WHAT THE TASK REQUIRES >>
An exact reproduction of the listing, minus the pictures, is the required output.

DATA BELOW >>
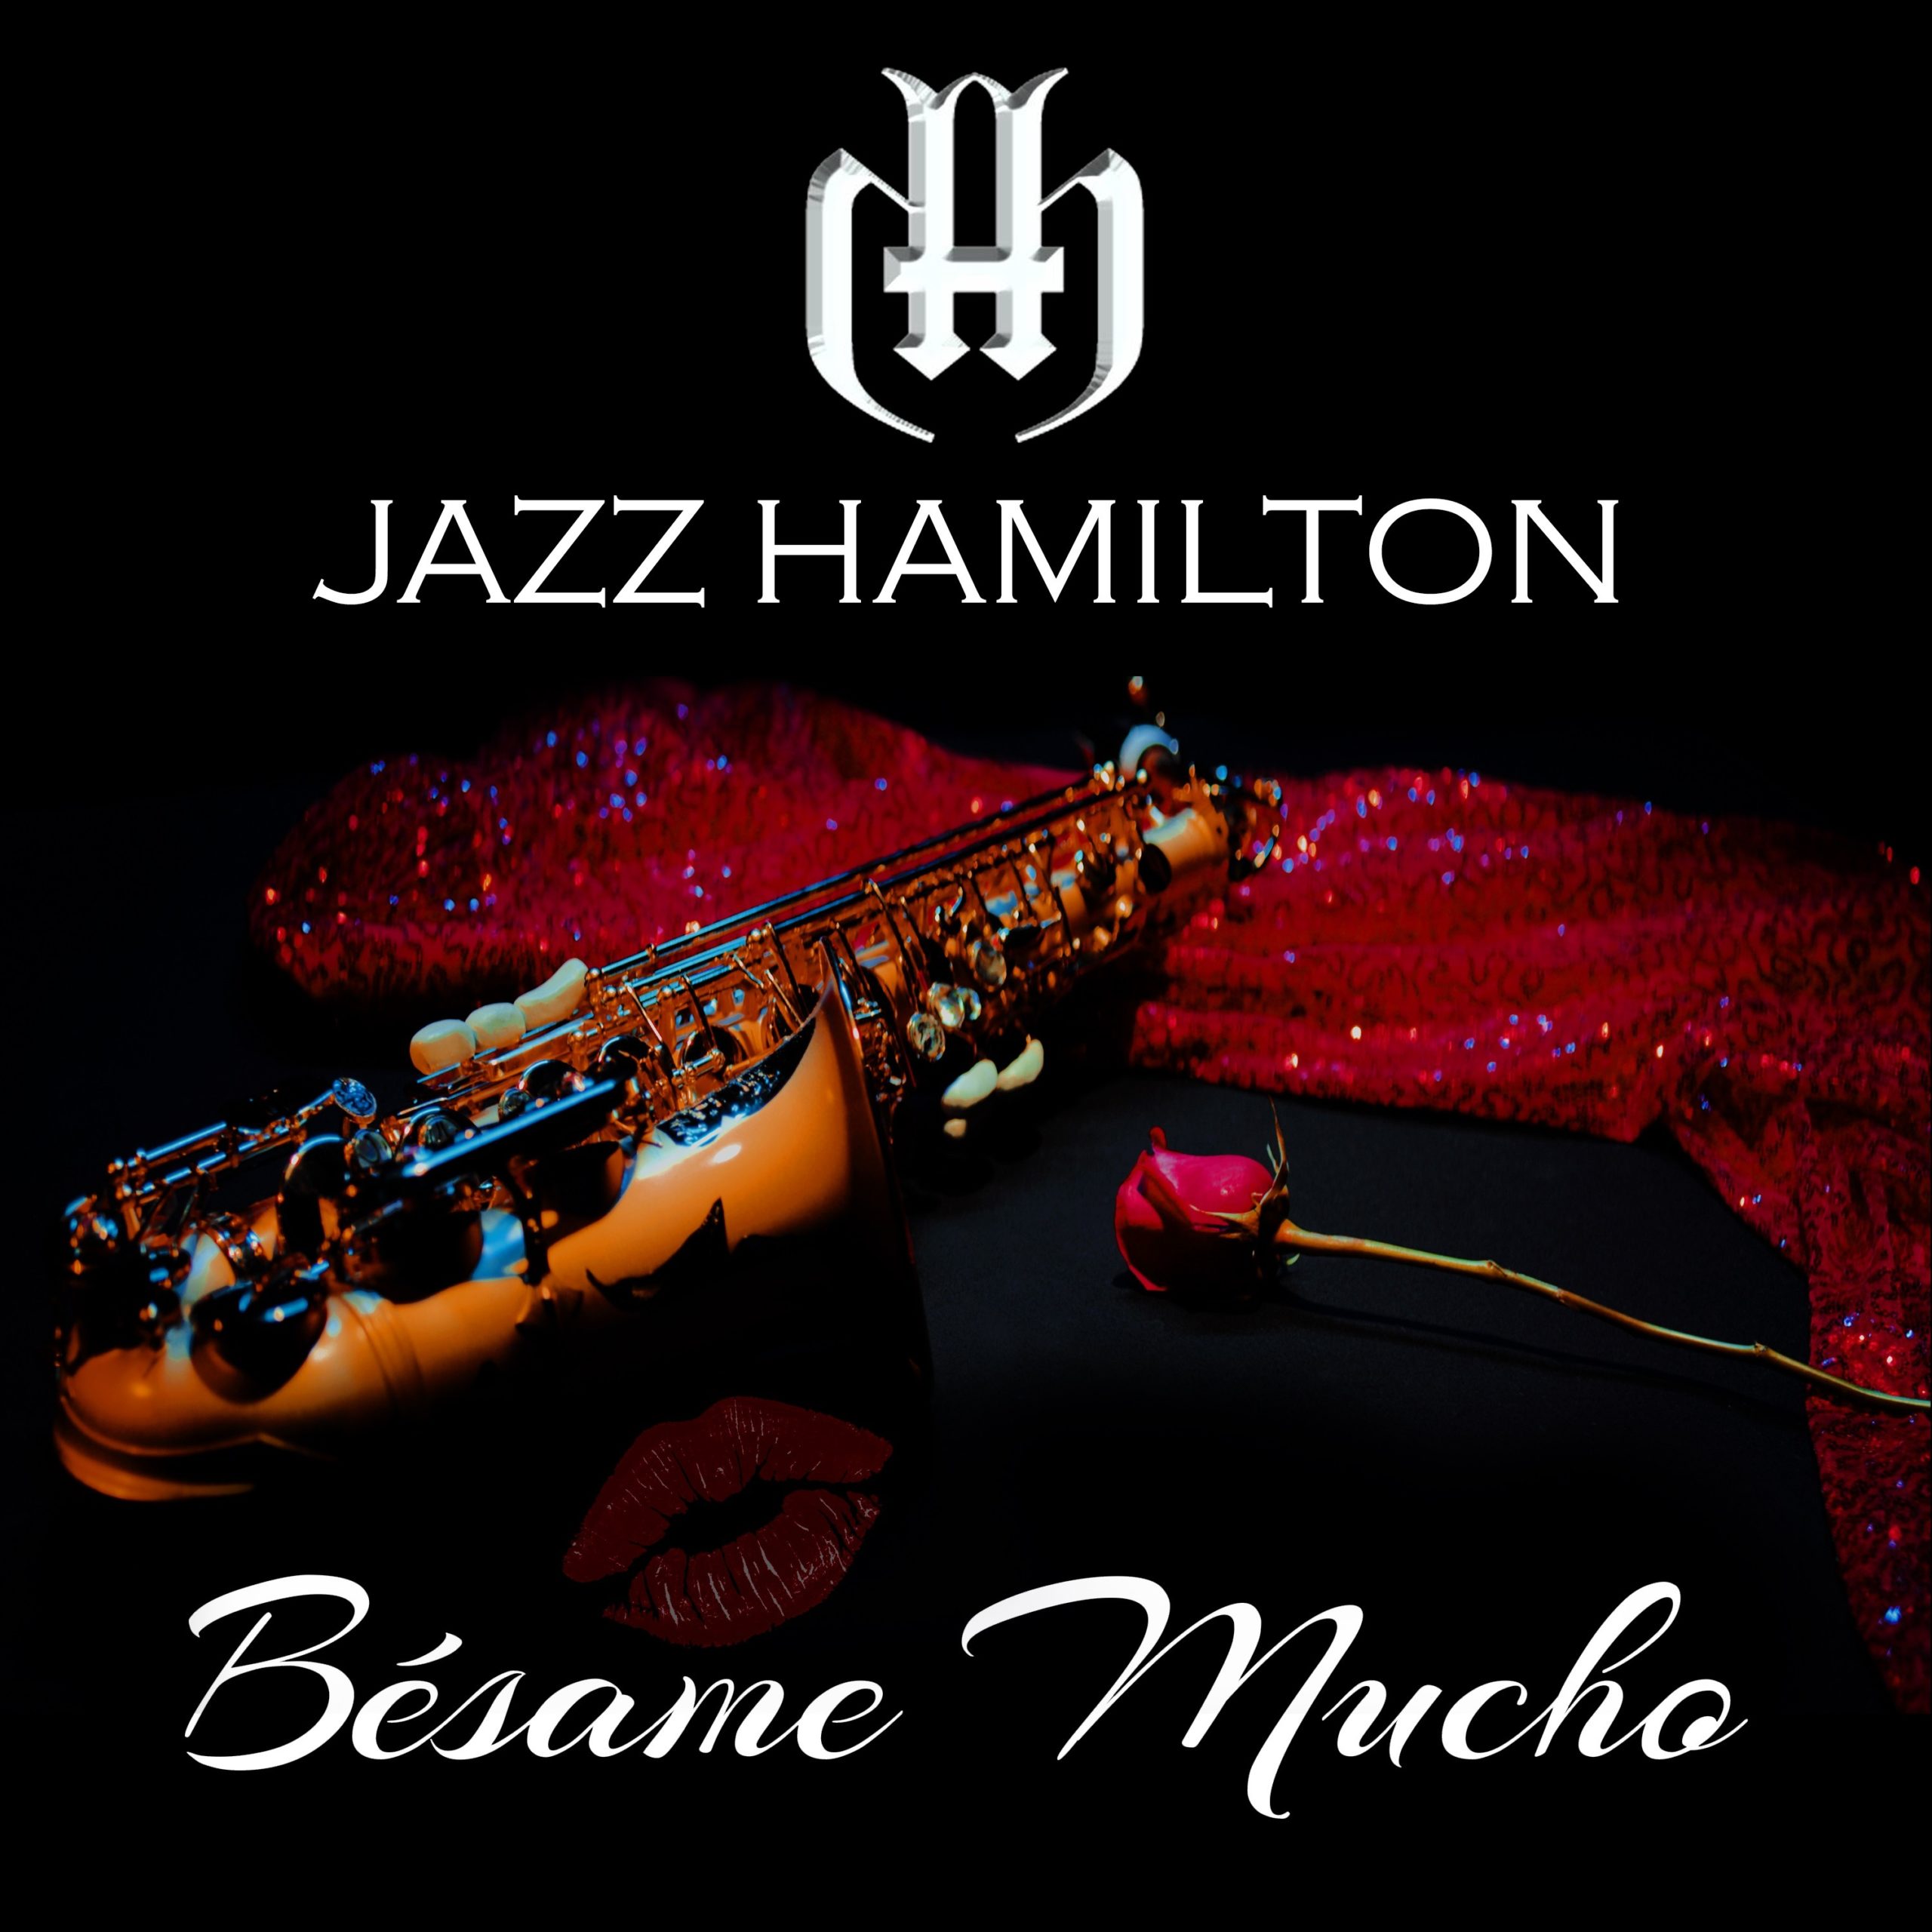 The New Epitome of Latin Jazz ‘Besame Mucho’ is All Set to Take the
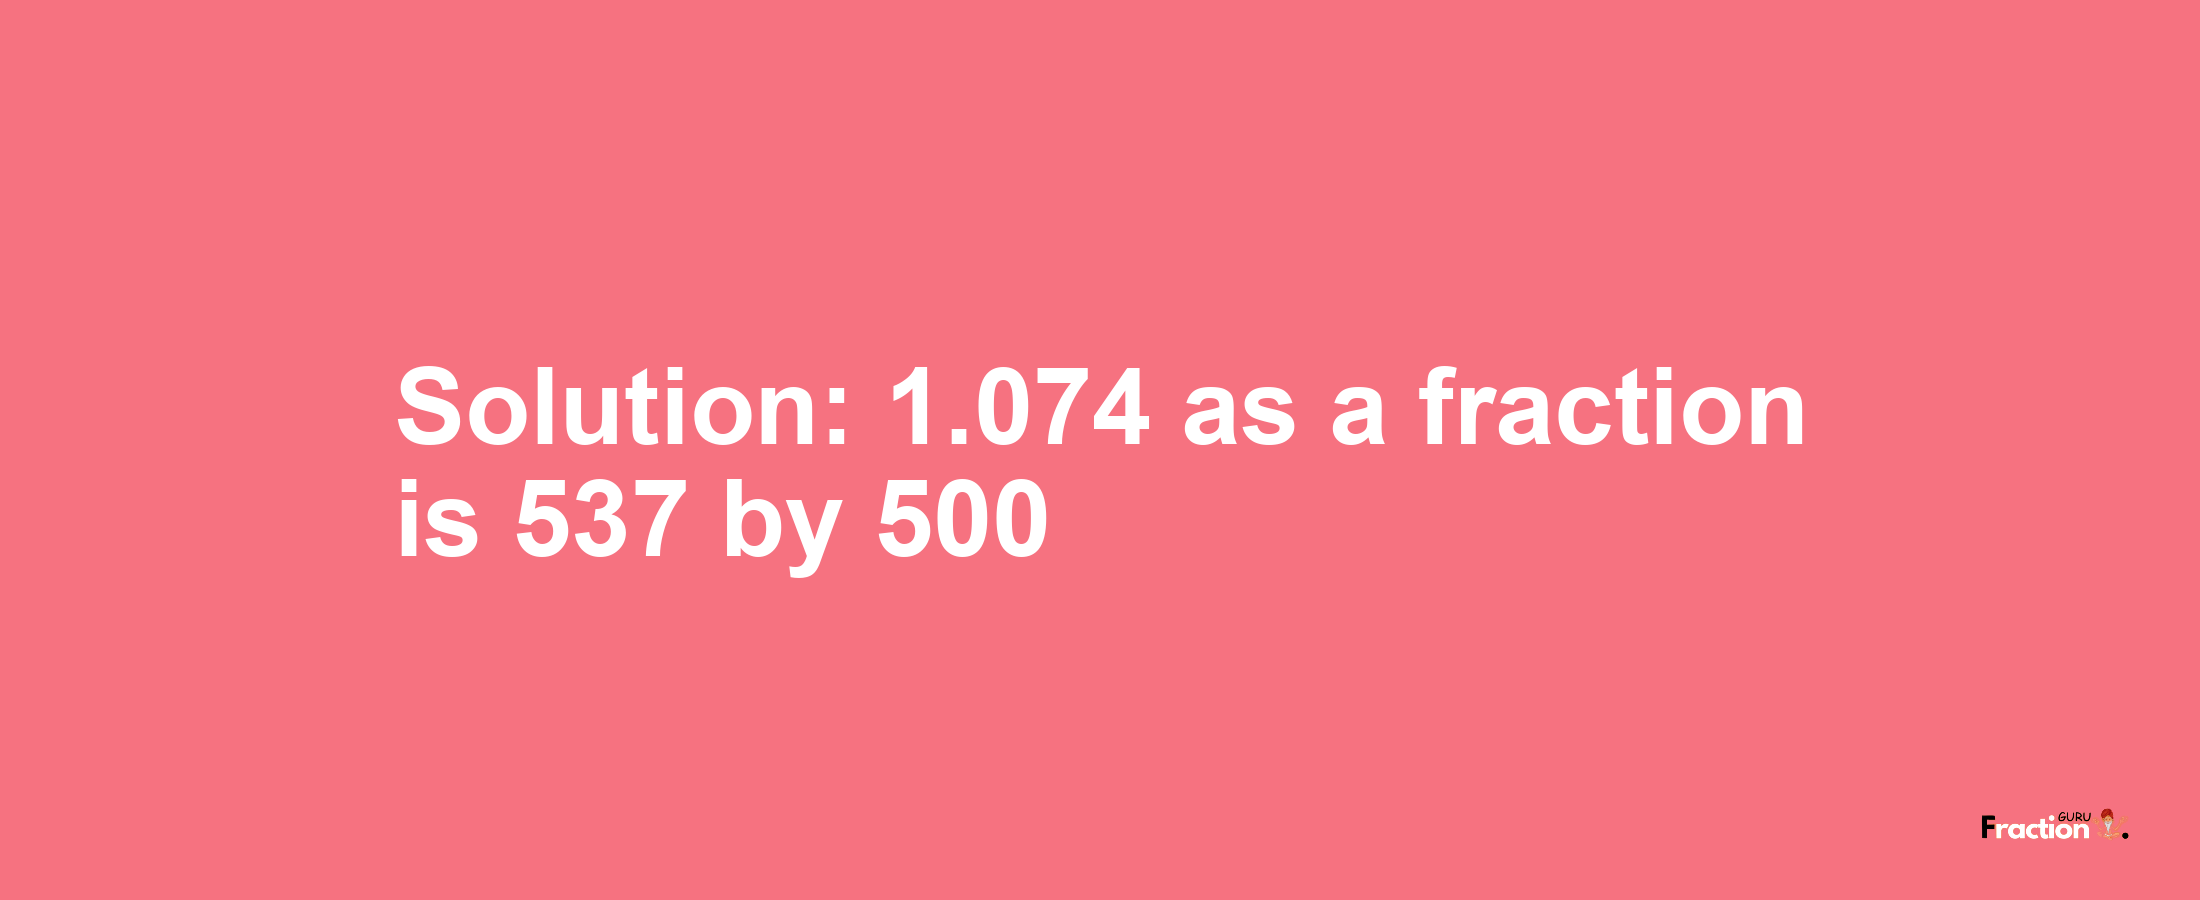 Solution:1.074 as a fraction is 537/500
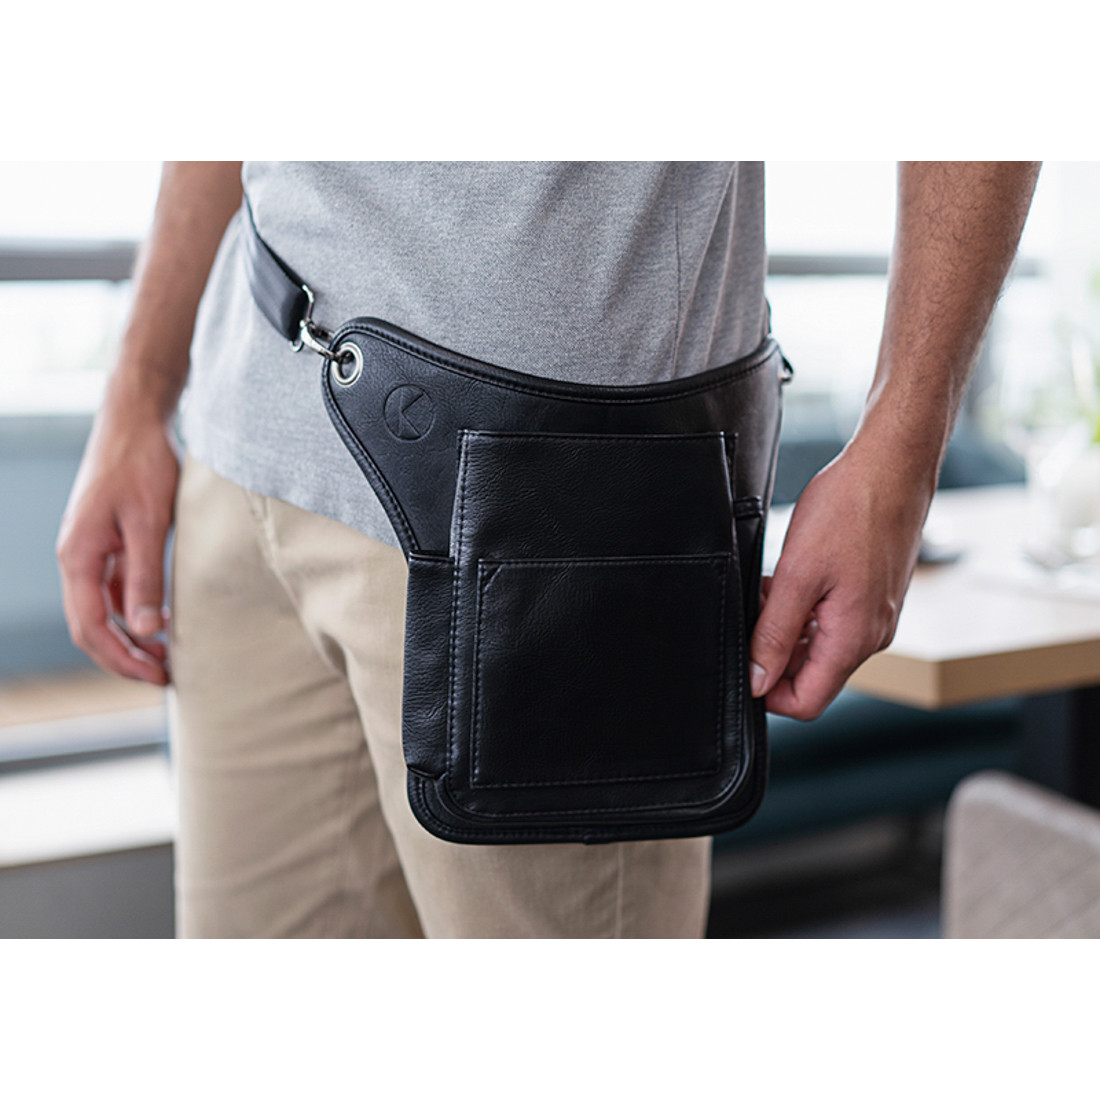 High-Capacity Waiters' Holster with Integrated Belt Harness - Safetywear
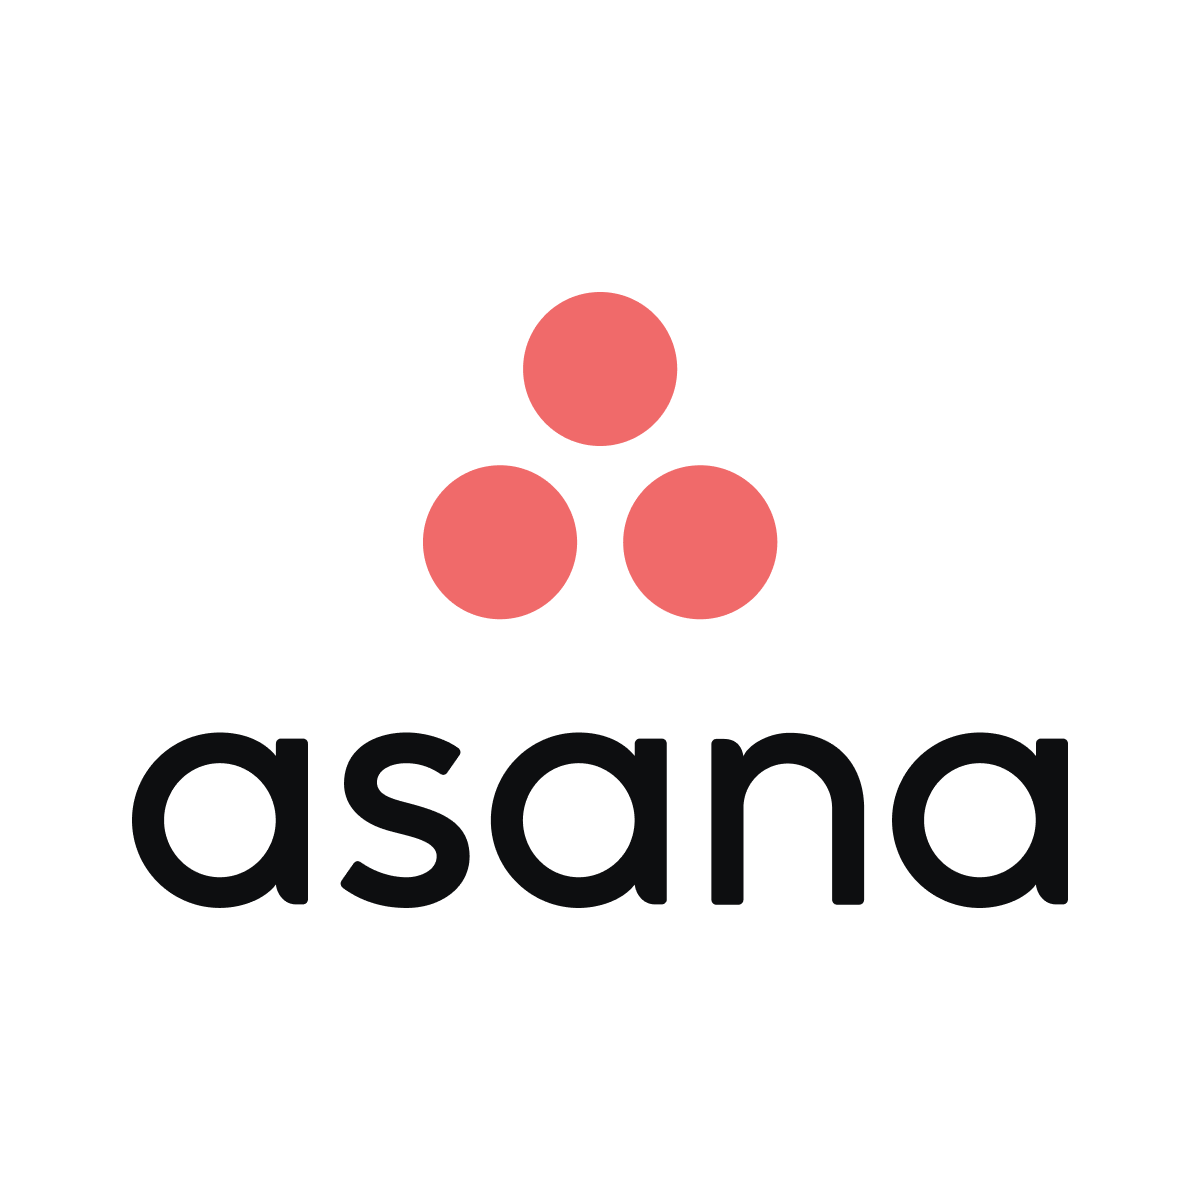 asana project management software free download

RESPONSE TO THIS TASK >>
 The New Epitome of Latin Jazz ‘Besame Mucho’ is All Set to Take the
 Solution:1.074 as a fraction is 537/500
 High-Capacity Waiters' Holster with Integrated Belt Harness - Safetywear
 asana project management software free download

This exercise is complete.